Supplied data ->

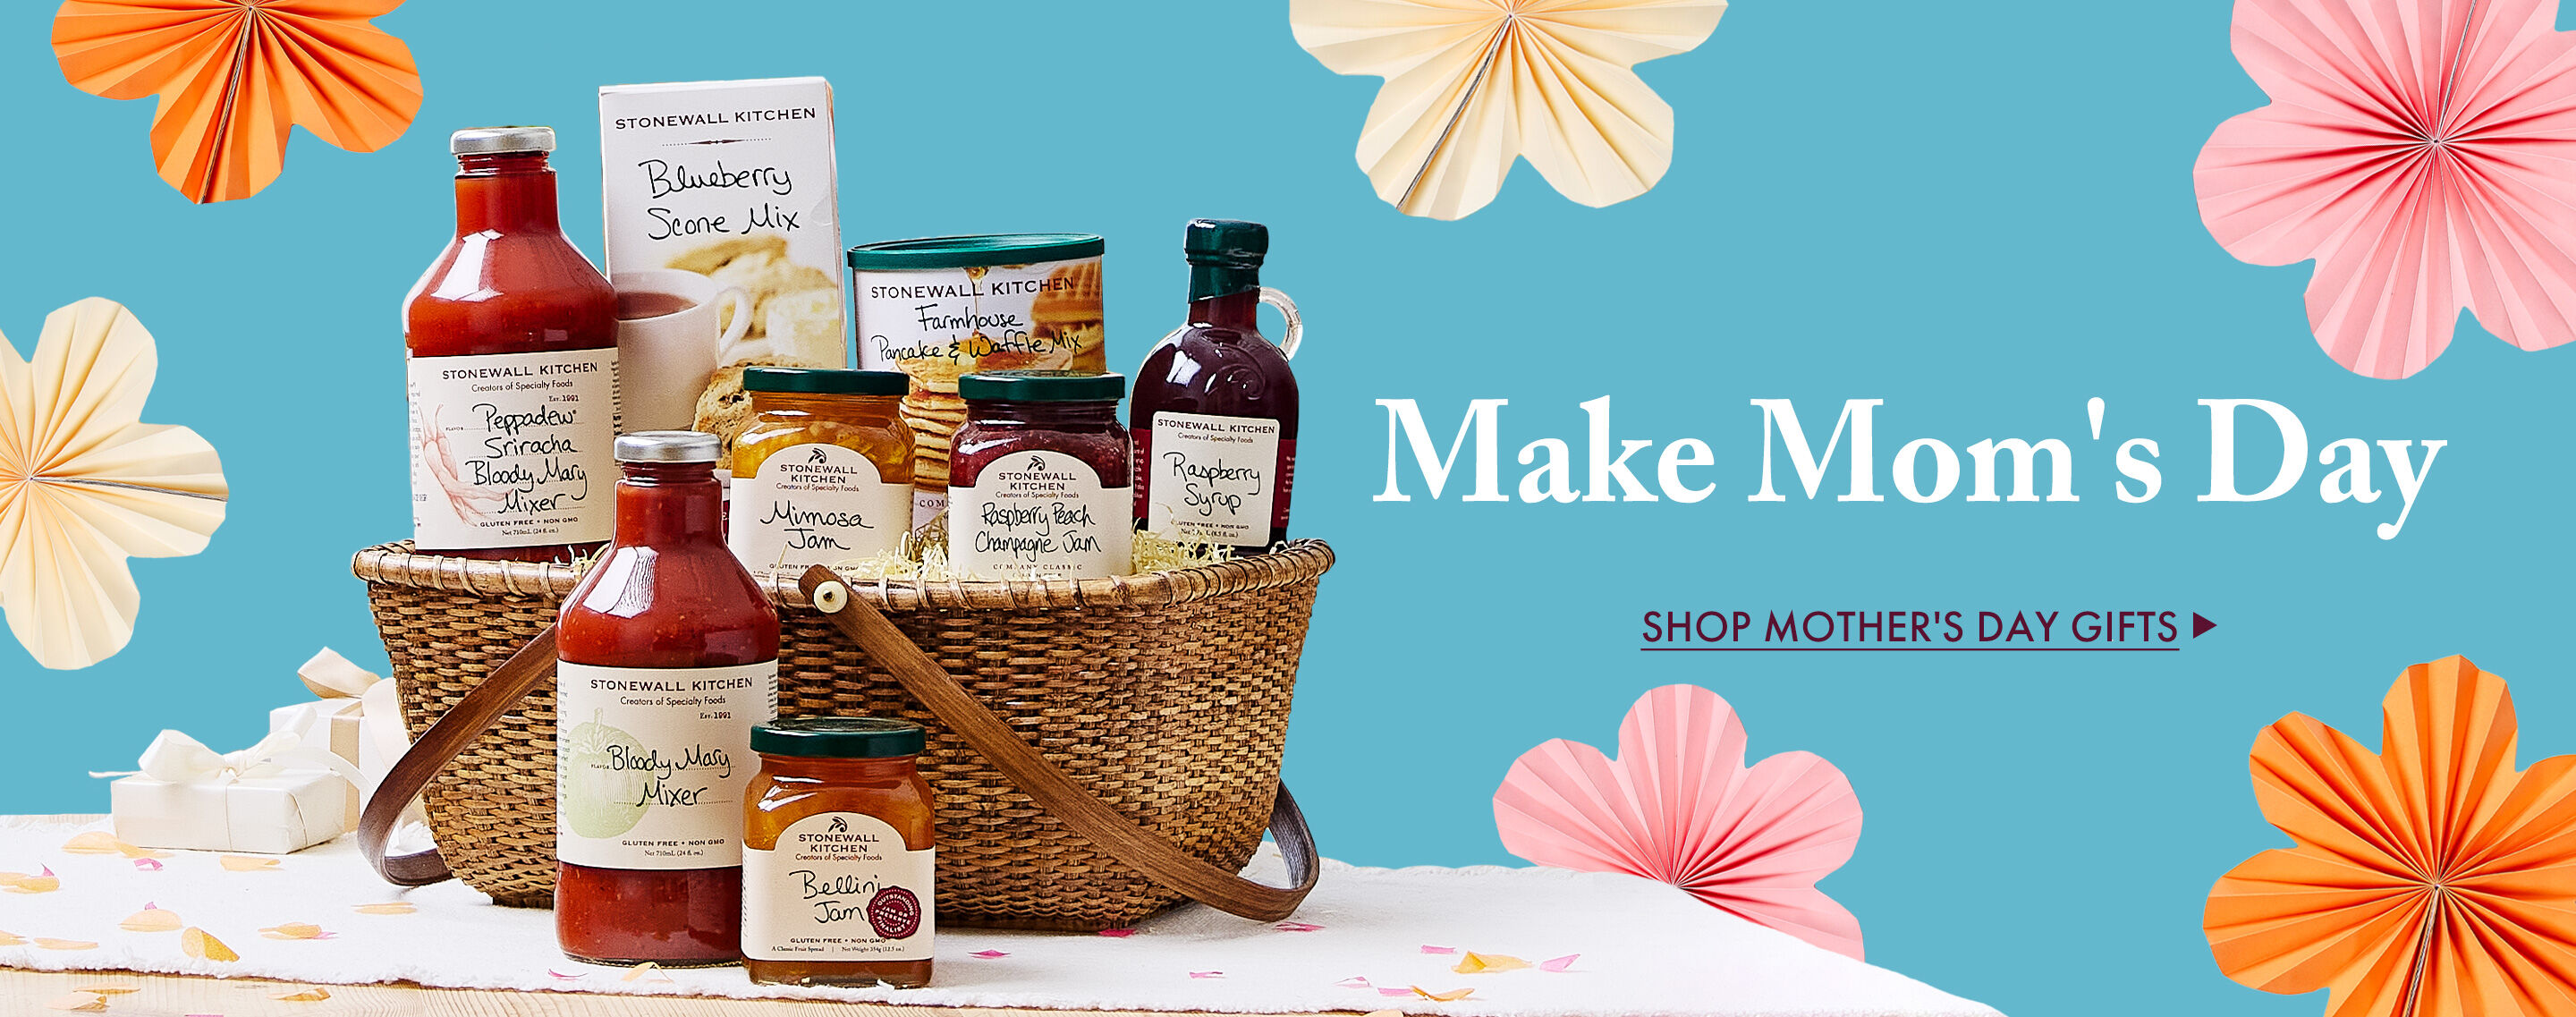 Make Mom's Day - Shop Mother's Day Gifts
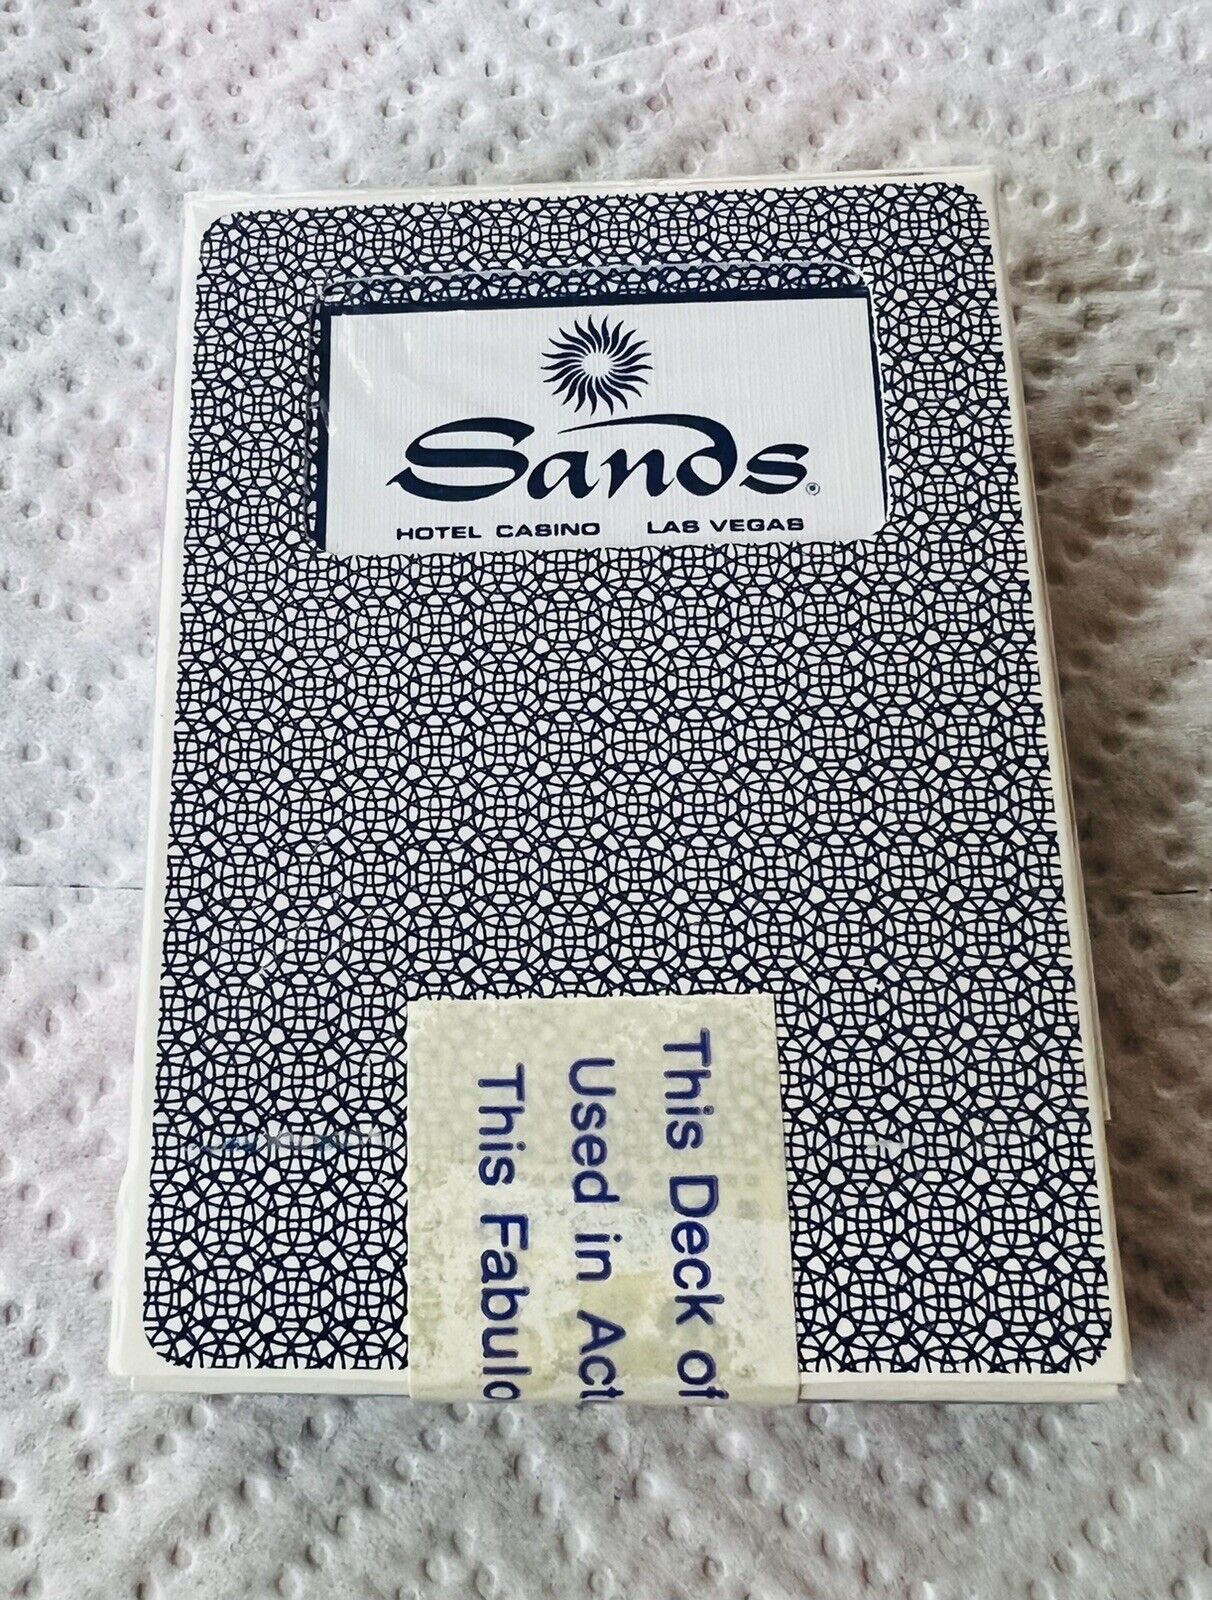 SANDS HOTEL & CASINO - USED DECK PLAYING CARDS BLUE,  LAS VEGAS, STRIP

* * *

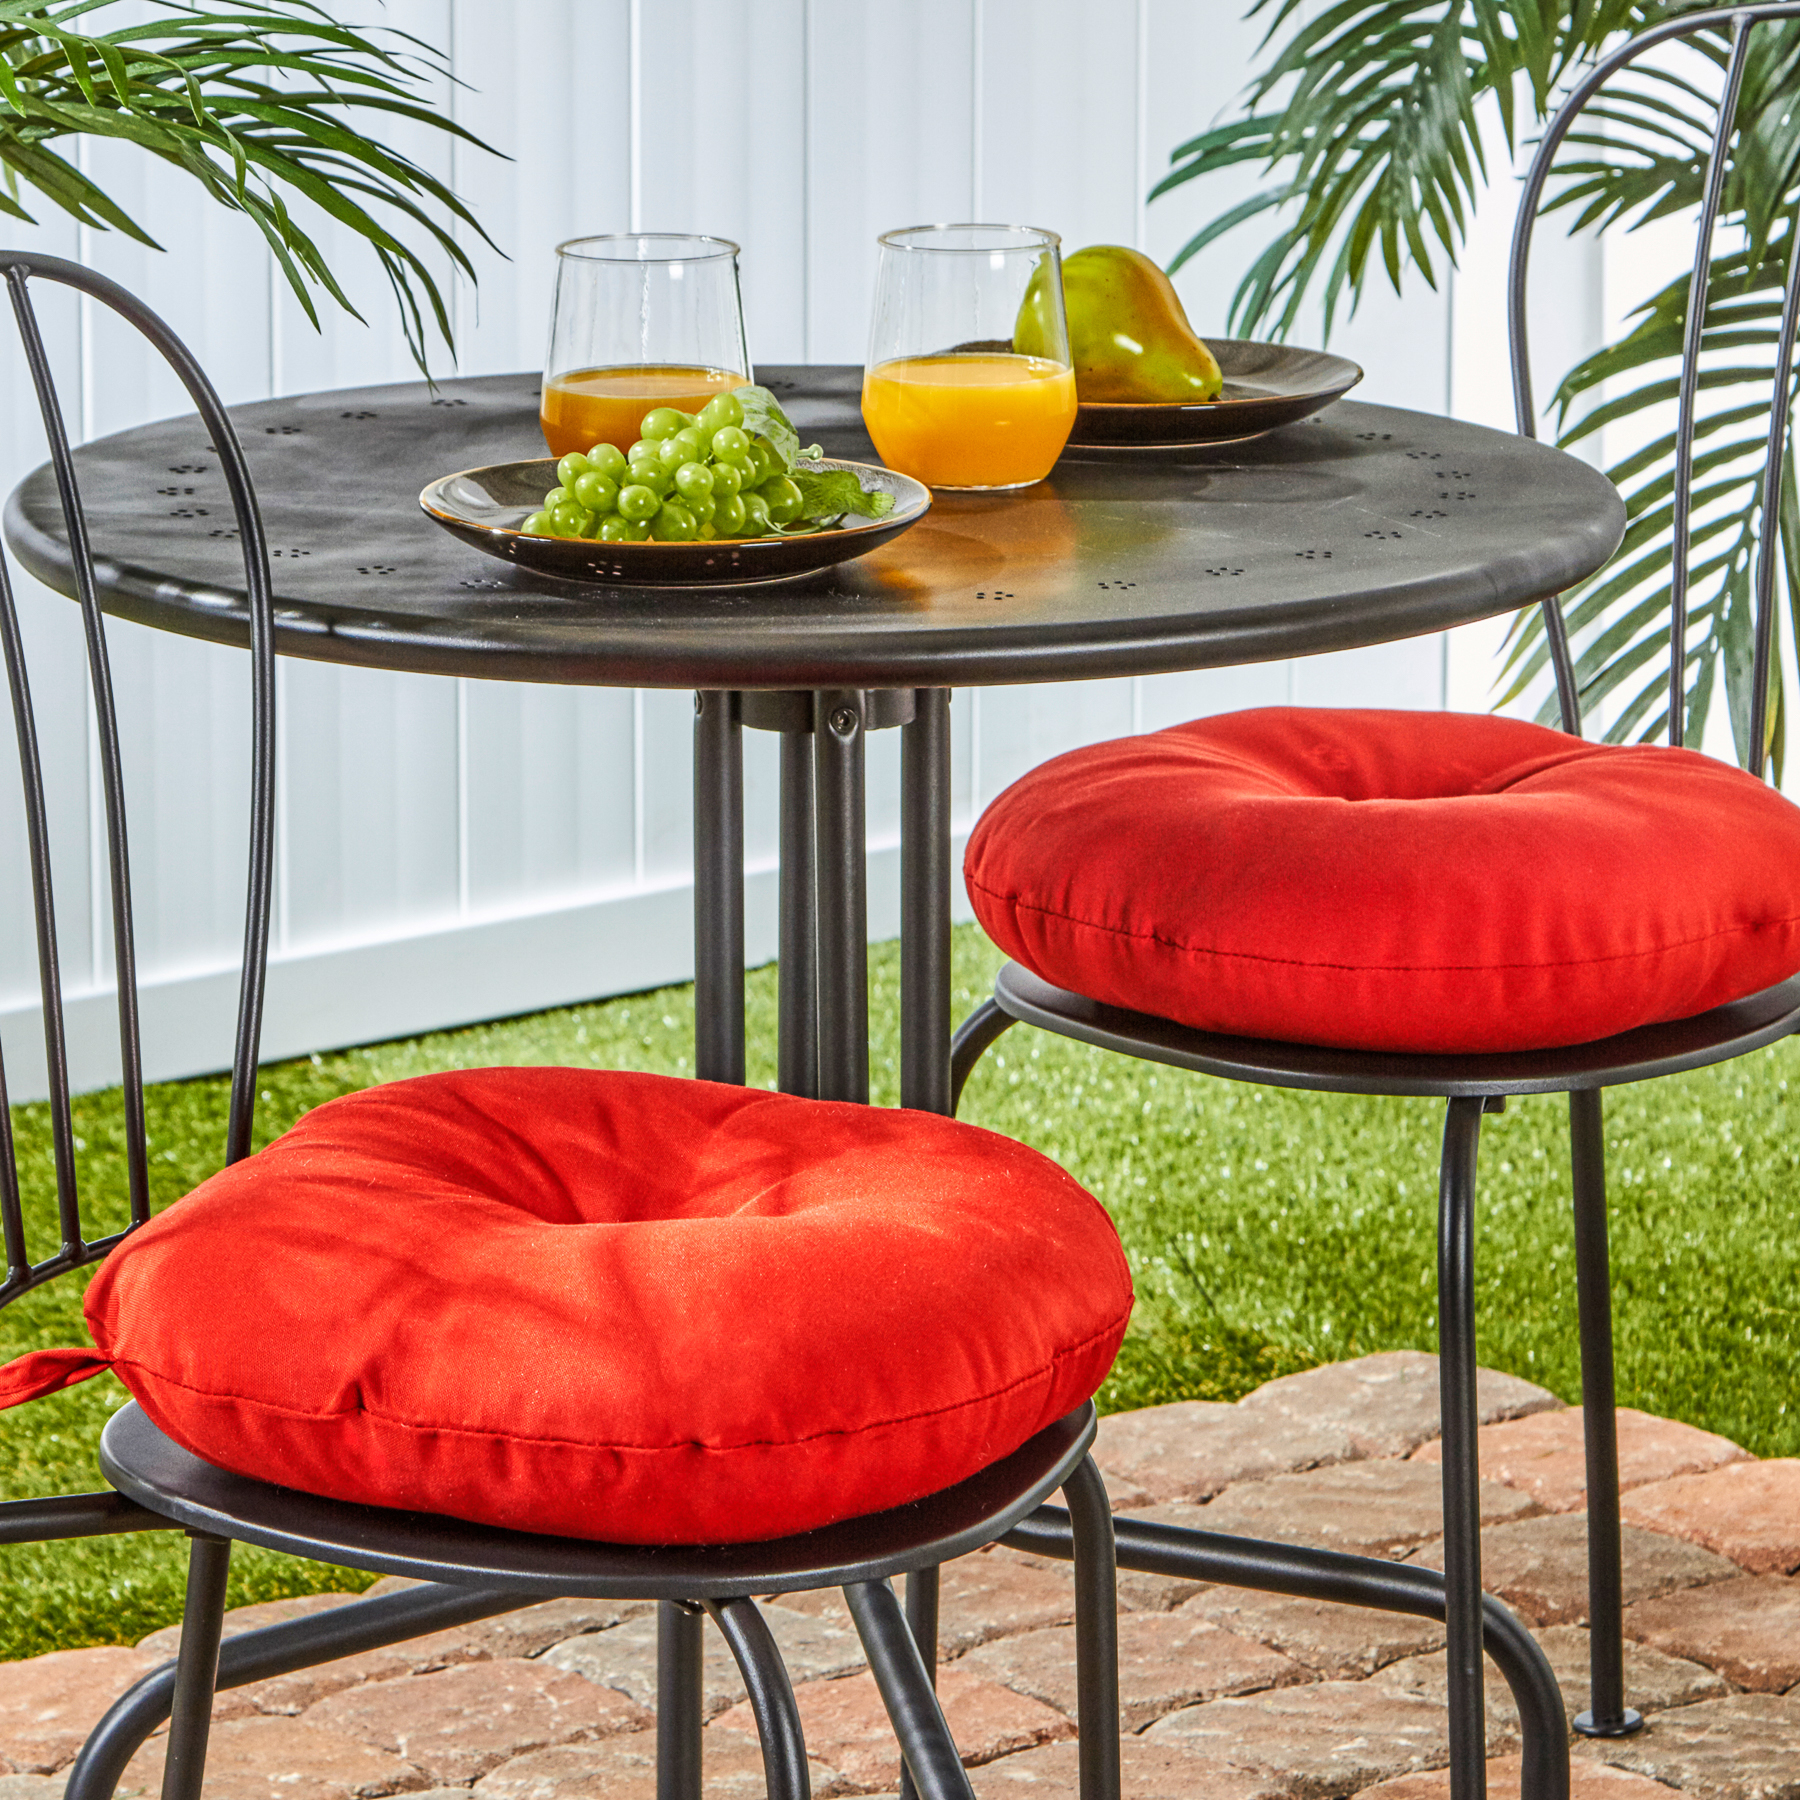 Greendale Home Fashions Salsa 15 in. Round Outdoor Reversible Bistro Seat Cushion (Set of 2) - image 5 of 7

* * *

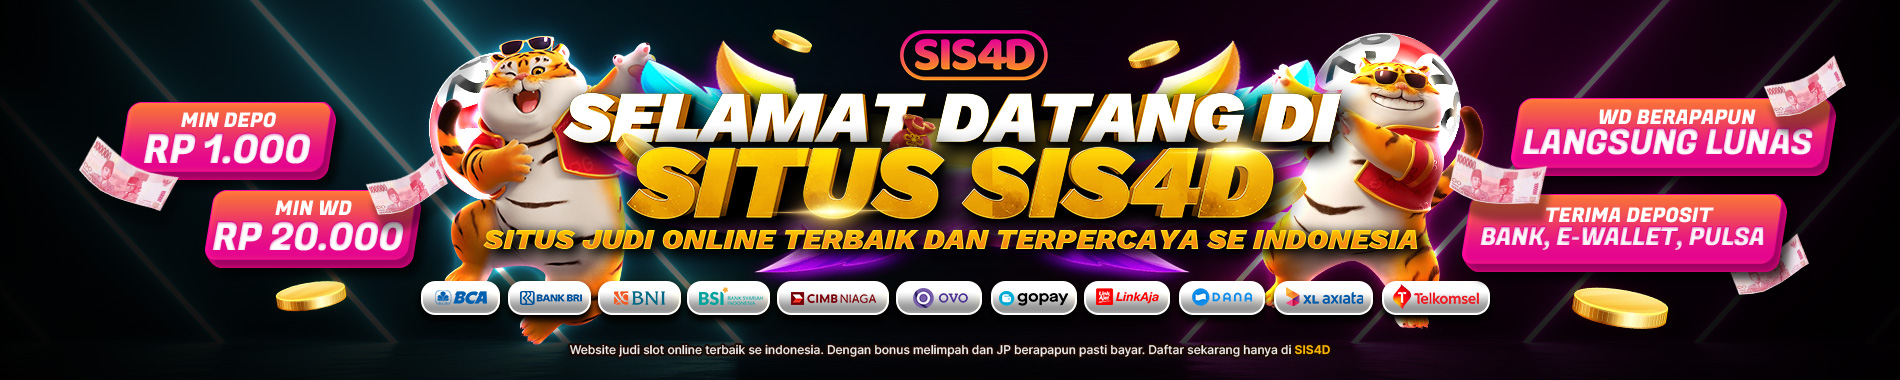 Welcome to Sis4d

Directions for this task -> Out of the records above, please copy exactly the lines from the line with "Make Mom's Day - Shop Mother's Day Gifts" up to and including the line with "SANDS HOTEL &", minus the pictures.

Exercise output ->
 Make Mom's Day - Shop Mother's Day Gifts
 SANDS HOTEL & CASINO - USED DECK PLAYING CARDS BLUE,  LAS VEGAS, STRIP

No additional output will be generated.